Muni bonds face downgrade

Sounds like Moody's is tired of being the poster child for missing the housing bubble. I think they want to make sure they aware of any seismic shifts in the economy and putting every local government in the US on creditwatch is one way to stay in front of the curve.

"Moody’s Investors Service assigned a negative outlook to the creditworthiness of all local governments in the United States, the agency said Tuesday, the first time it had ever issued such a blanket report on municipalities.

The report signaled how severely the economic downturn was affecting towns, counties and school districts across the nation.

The report suggests that the ratings of many governments could be downgraded in the coming months, something that would make it more expensive for them to borrow money to finance their operations.

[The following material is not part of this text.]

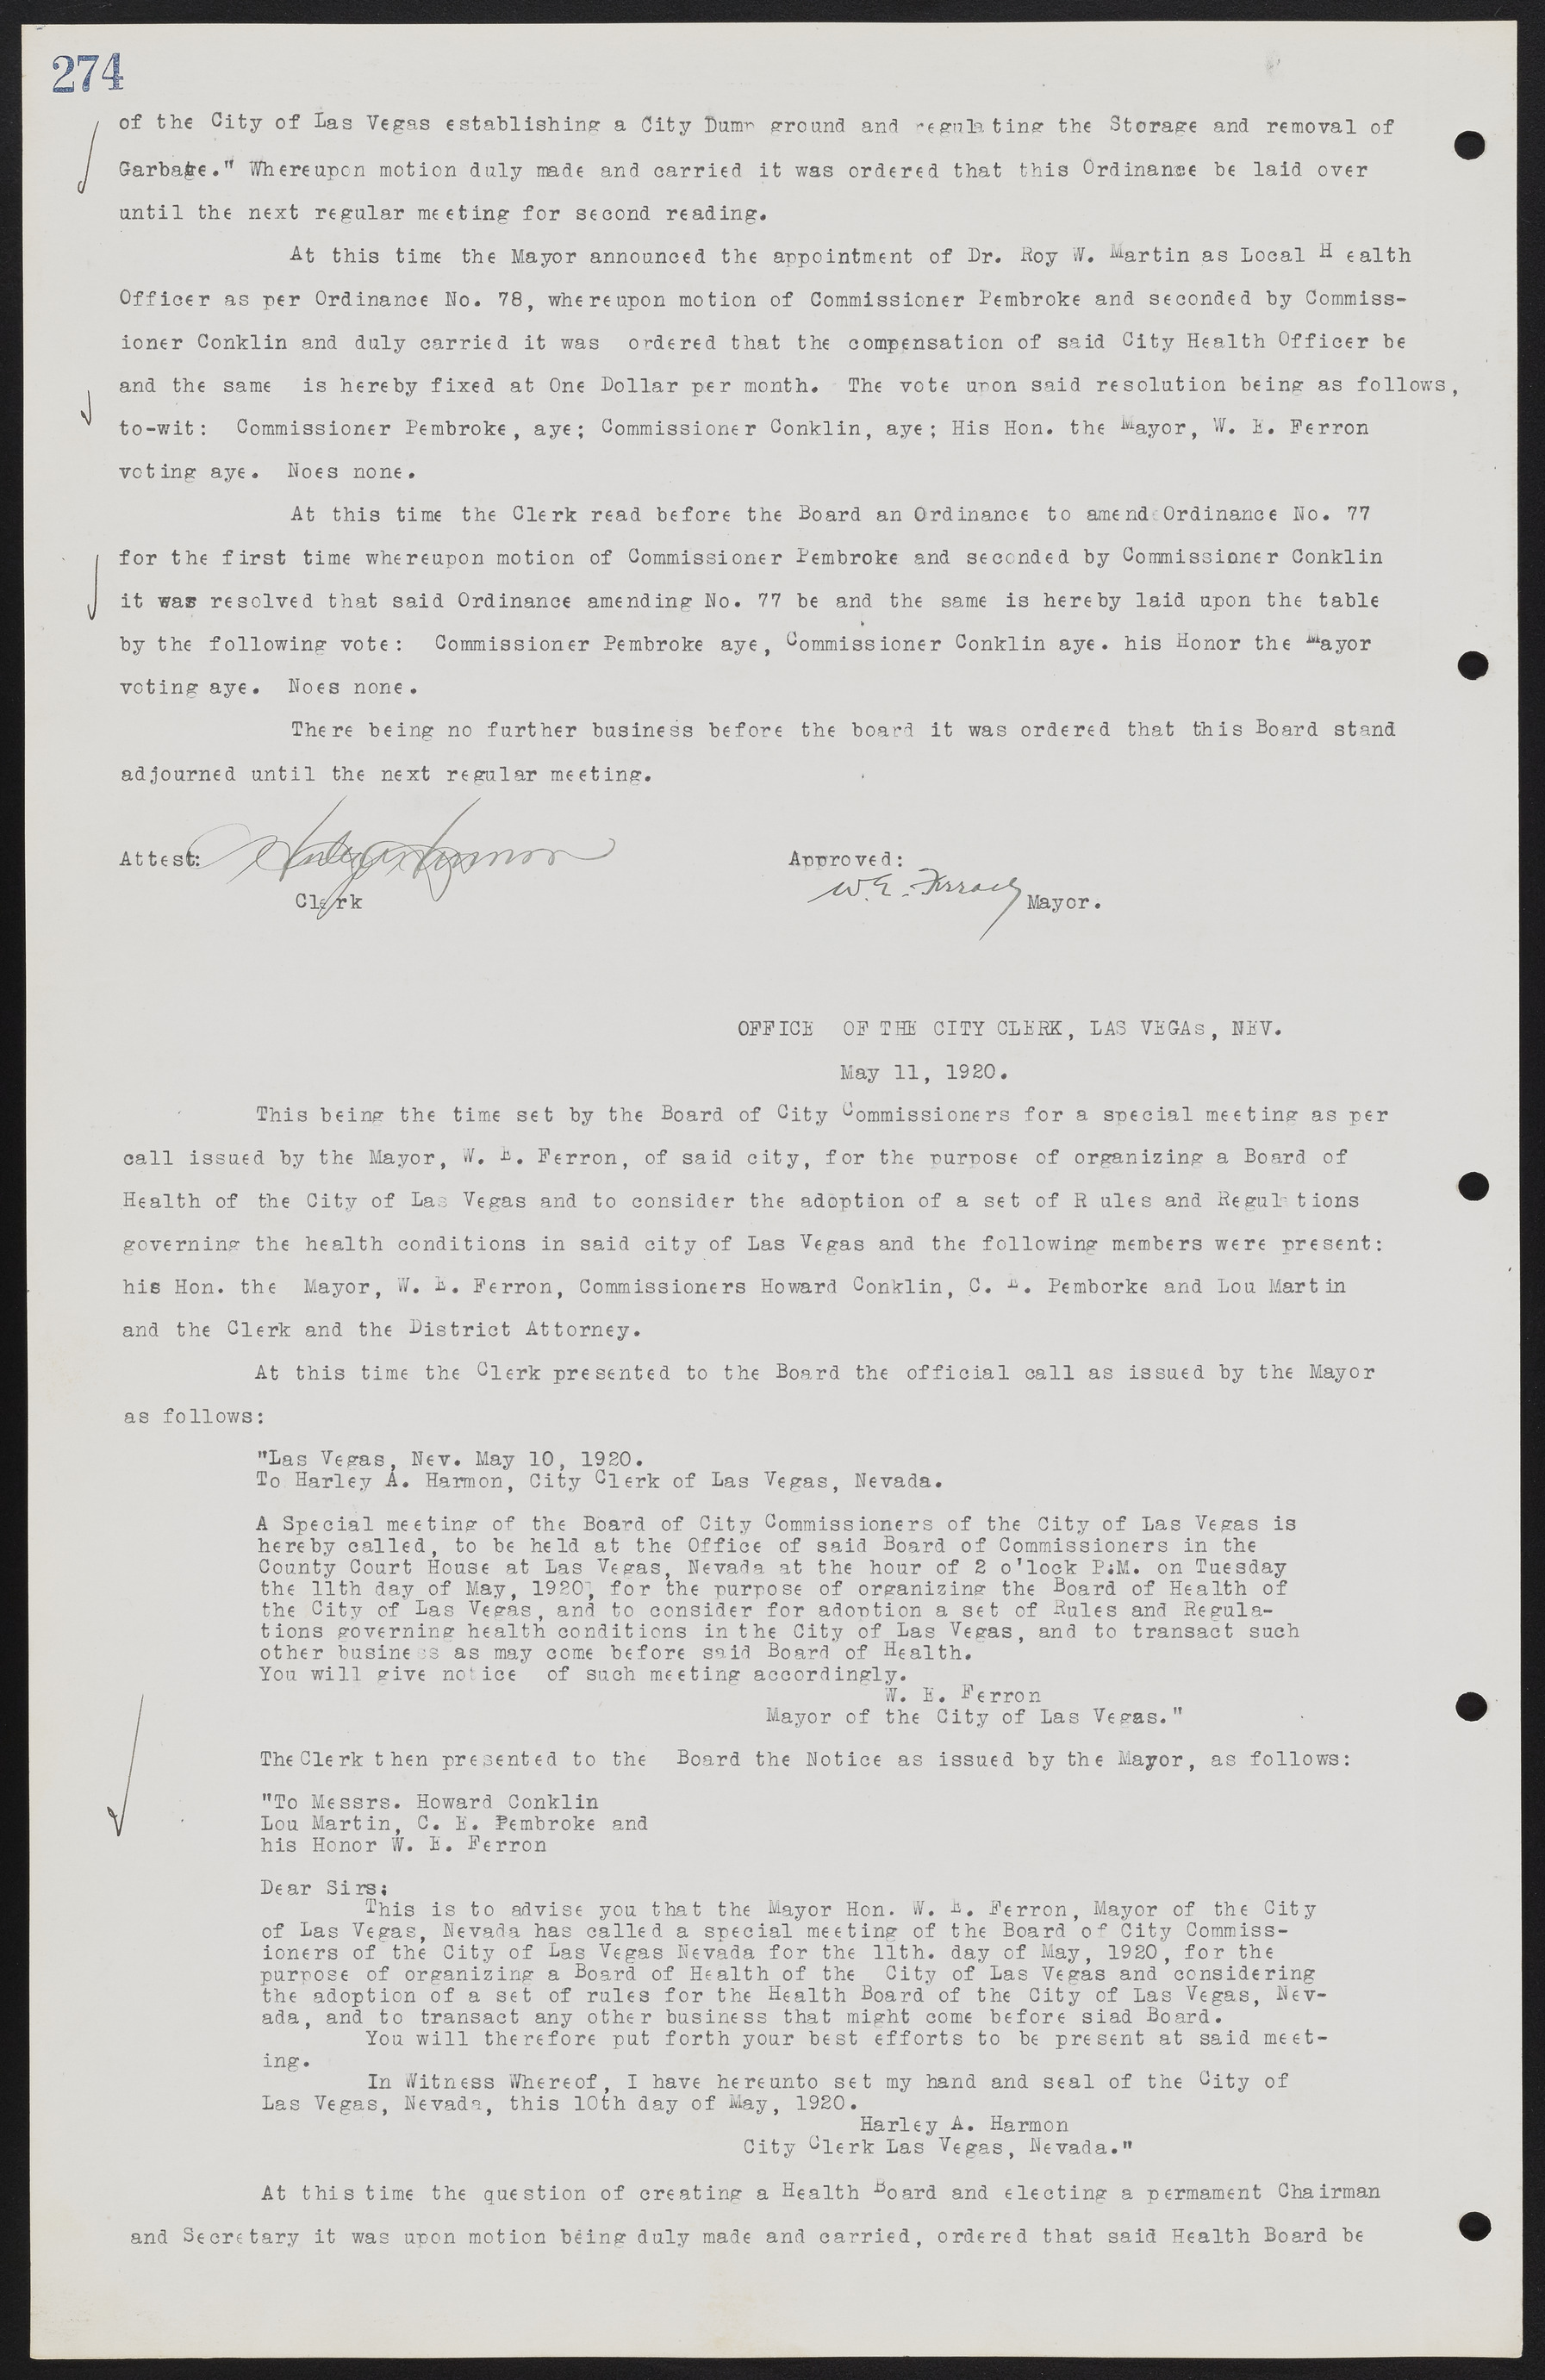 Las Vegas City Commission Minutes, June 22, 1911 to February 7, 1922, lvc000001-290
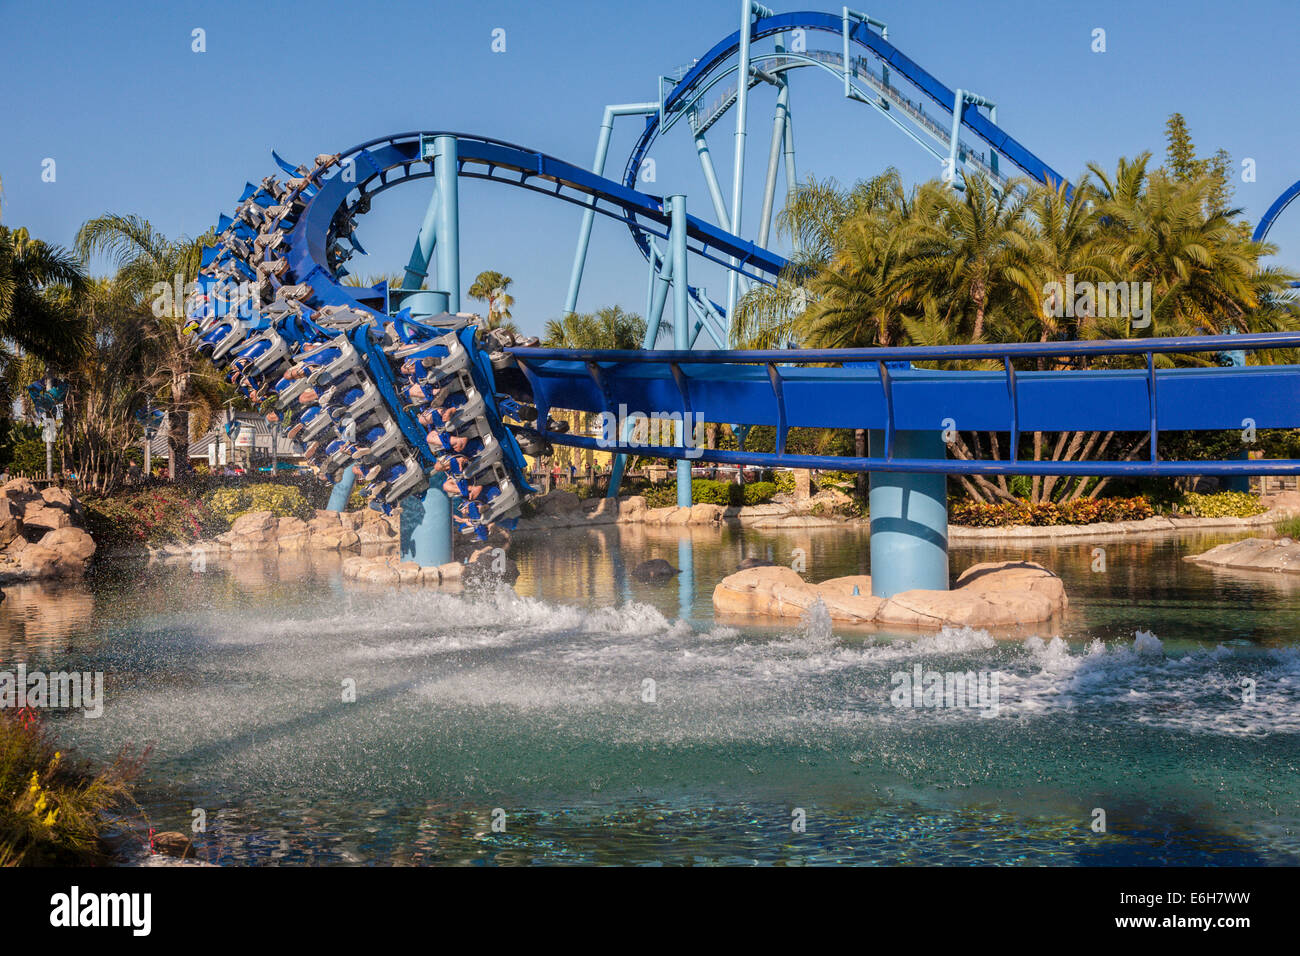 Manta roller coaster at Sea World in Orlando, Florida Stock Photo - Alamy

In a special report made public on Tuesday, the agency cited revenues that are falling almost everywhere as a result of the economic downturn. But it also discussed the problems some municipalities had created for themselves by using complex financial products that seemed to be saving money at first, only to send costs soaring during the credit crisis.

In former boom states like California and Florida, the sharp decline in housing prices is translating into falling property-tax revenue, while in towns in Michigan, Indiana and Ohio, revenues are off because of the collapse of the auto industry. Many local governments in New York, New Jersey and Connecticut will lose significant revenue because they rely on the banking and financial services sectors for their tax bases. Moody’s said any municipality relying heavily on tourism, gambling or manufacturing was probably at risk of feeling a pinch.

(Since many of my readers are in Upstate NY - Think about how many factors are waying on NY - falling housing prices downstate, industries leaving upstate, Wall Street's problems lead to lower tax revenues, etc, etc. It's not a pretty picture for NYS).

“Taxpayers, worried about their own financial condition, are more resistant than ever to increasing property or other local taxes,” the report observed.

Fed Chairman Bernanke suggested that instead, Congress could consider setting up some other form of assistance for municipalities unable to restructure or refinance their debt, like a federal bond reinsurance program."

A few months ago I suggested that we've become a Bailout Nation and watch for bailouts coming for life insurance (check), housing (check), credit card companies (not yet) and even local municipalities (not yet, but Chairman Bernanke seemed to be suggesting a bailout for municipalities).